Porsche/Volkswagen. Who can forget the massive short squeeze on the “great trade” hawked by every hedge fund on the planet. They all got their faces ripped off…
The literature from psychology makes it fairly clear that humans are not 100% rational all the time. As we have mentioned many times on this site, Kahneman tells a story of 2 modes of thinking: System 1 and System 2. System 1 is an efficient heuristics-based decision-making component of the human brain. System 2 is the analytic and calculated portion of the brain–~100% rational. Unfortunately, the efficiency of System 1 comes with drawbacks–we can make instinctive decisions that are irrational.
Below I laundry list a plethora of bias that can affect investment decisions:
- Self-attribution bias
- Endowment effect
- Status Quo/Default effect
- narrow framing
- mental accounting
- Hot hand fallacy
- Availability/Saliency bias
- And so forth…
My favorite bias: Overconfidence. Shark jugglers are a good example.
How do Limits of Arbitrage and Psychology interact to create behavioral finance?
Well, academics like to study things that are actually interesting.
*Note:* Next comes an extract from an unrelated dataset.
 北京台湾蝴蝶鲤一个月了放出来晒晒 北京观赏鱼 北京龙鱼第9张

As stand-alone topics, limits of arbitrage (also referred to as market frictions) and psychology are interesting, but they have limited mojo to get published in top-tier academic finance journals.
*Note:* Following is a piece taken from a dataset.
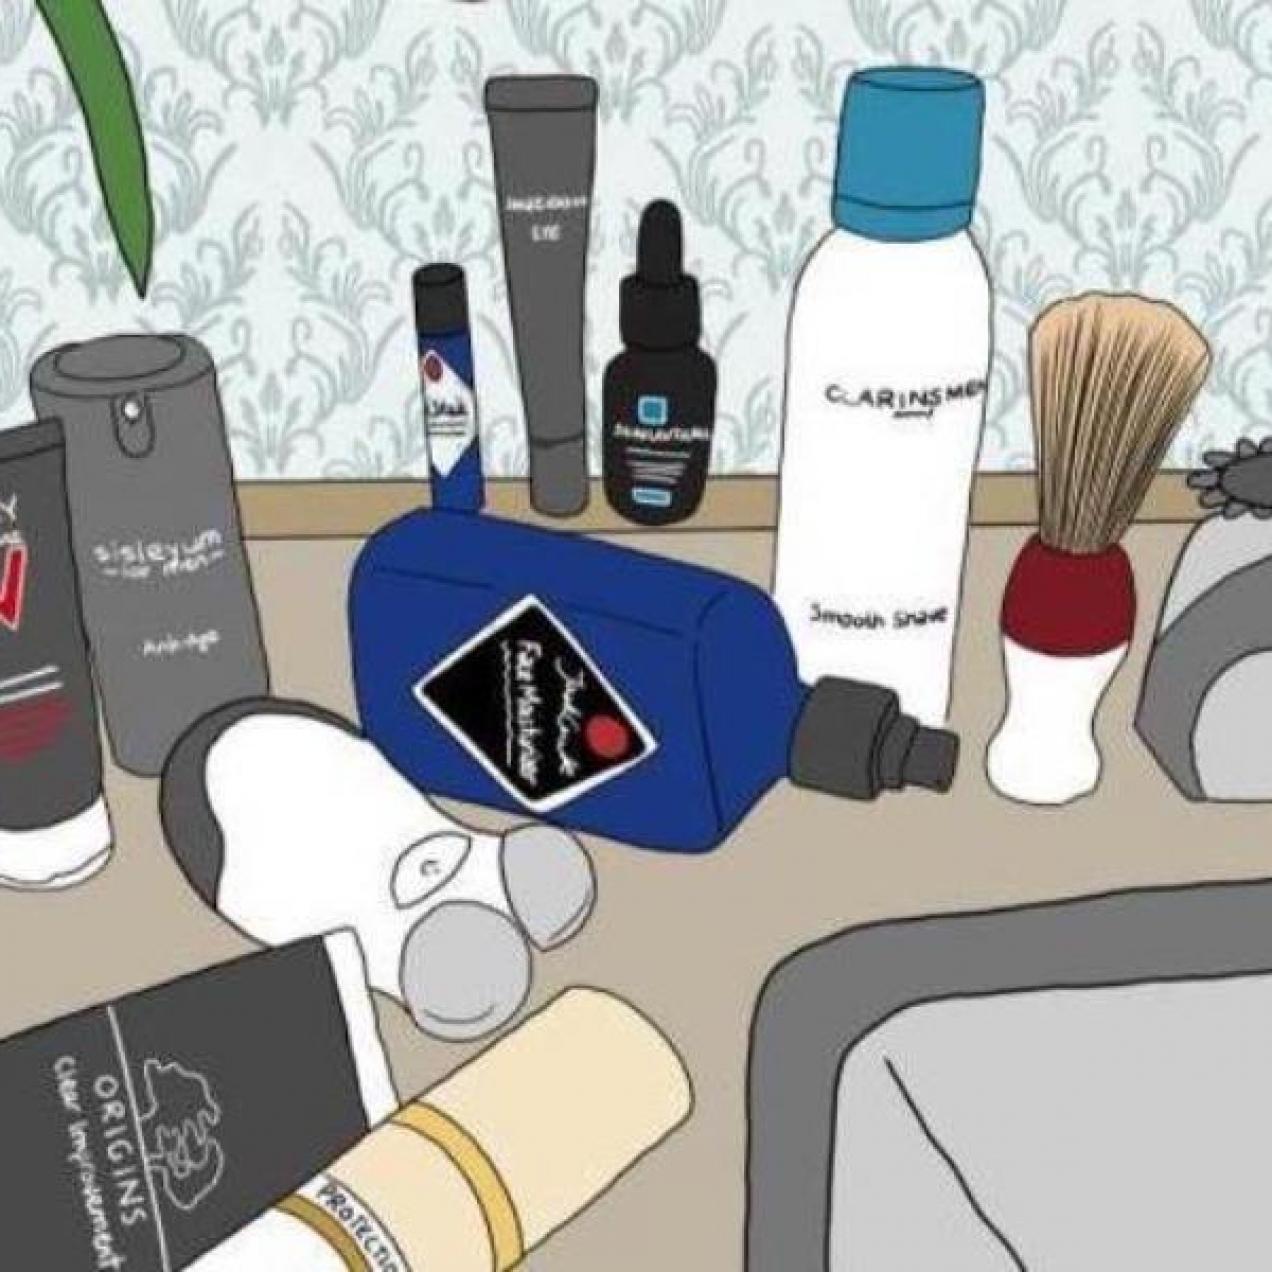 Rutina exuberante: el ritual del grooming

Nonetheless, what turns researchers on is when they can identify anomalous empirical findings and explain them in an intuitive and interesting way. Examples of what doesn’t work:
- If some investors were simply stupid (suffering from cognitive bias), this would not be interesting to financial economists. Okay, so some investors are stupid, but professional traders counteract these dumb traders and prices are unaffected. No results in the data. Research paper = denied at journals = no tenure.
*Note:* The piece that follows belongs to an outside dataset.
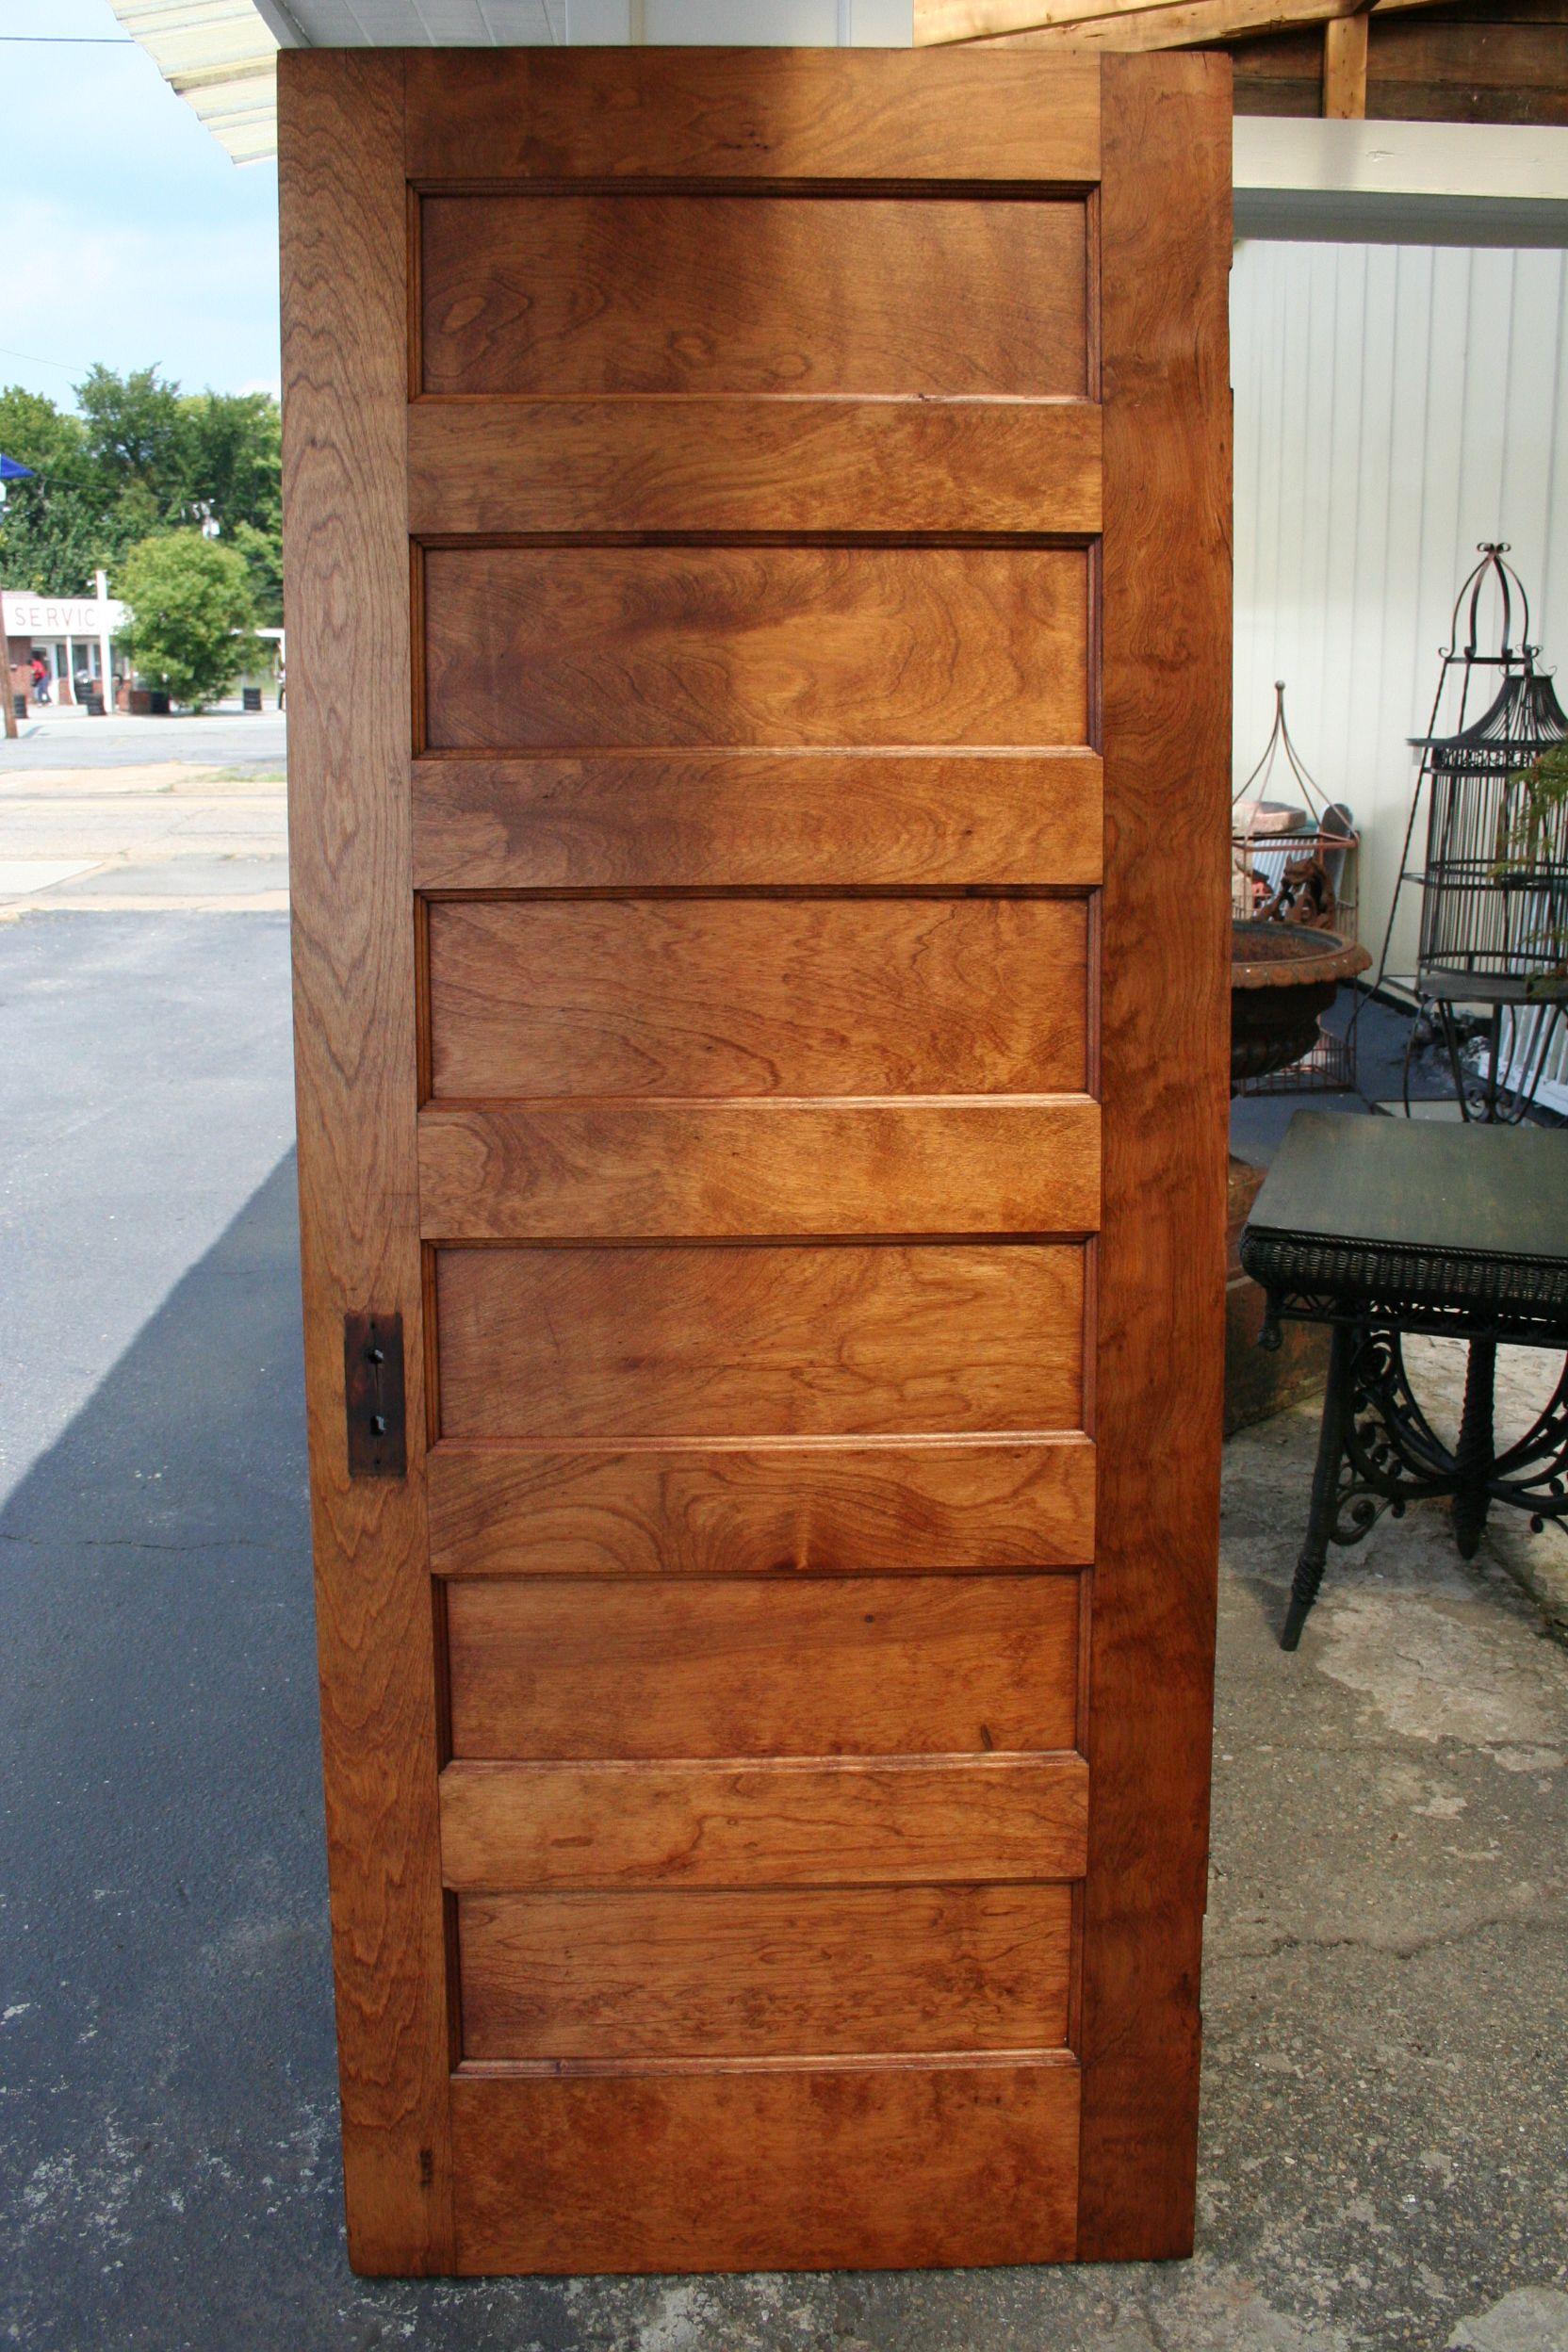 Antique Doors For Sale Six Panel Richmond Doors For Sale Classifieds Doors

- Markets have frictions. Investors pay transaction costs. We all know this. Research paper on transaction costs = denied at journals = no tenure
However, combining a story that involves elements of silly investors and limits of arbitrage is a potent combination. For example, consider the concept of noise traders. Brad De Long, Andrei Shleifer, Larry Summers, and Robert Waldmann wrote an article called, “Noise Trader Risk in Financial Markets” in the Journal of Political Economy in 1990. I’d say this a pretty influential group of economists!
Here is the abstract from the paper:
We present a simple overlapping generations model of an asset market in which irrational noise traders with erroneous stochastic beliefs both affect prices and earn higher expected returns. The unpredictability of noise traders’ beliefs creates a risk in the price of the asset that deters rational arbitrageurs from aggressively betting against them. As a result, prices can diverge significantly from fundamental values even in the absence of fundamental risk. Moreover, bearing a disproportionate amount of risk that they themselves create enables noise traders to earn a higher expected return than rational investors do. The model sheds light on a number of financial anomalies, including the excess volatility of asset prices, the mean reversion of stock returns, the underpricing of closed-end mutual funds, and the Mehra-Prescott equity premium puzzle.
Combining biased investors with the realities of the marketplace can create some potent and publishable research.
This combination also describes what behavioral finance is all about: How does cognitive bias, in conjunction with limits of arbitrage, create interesting impacts on the marketplace.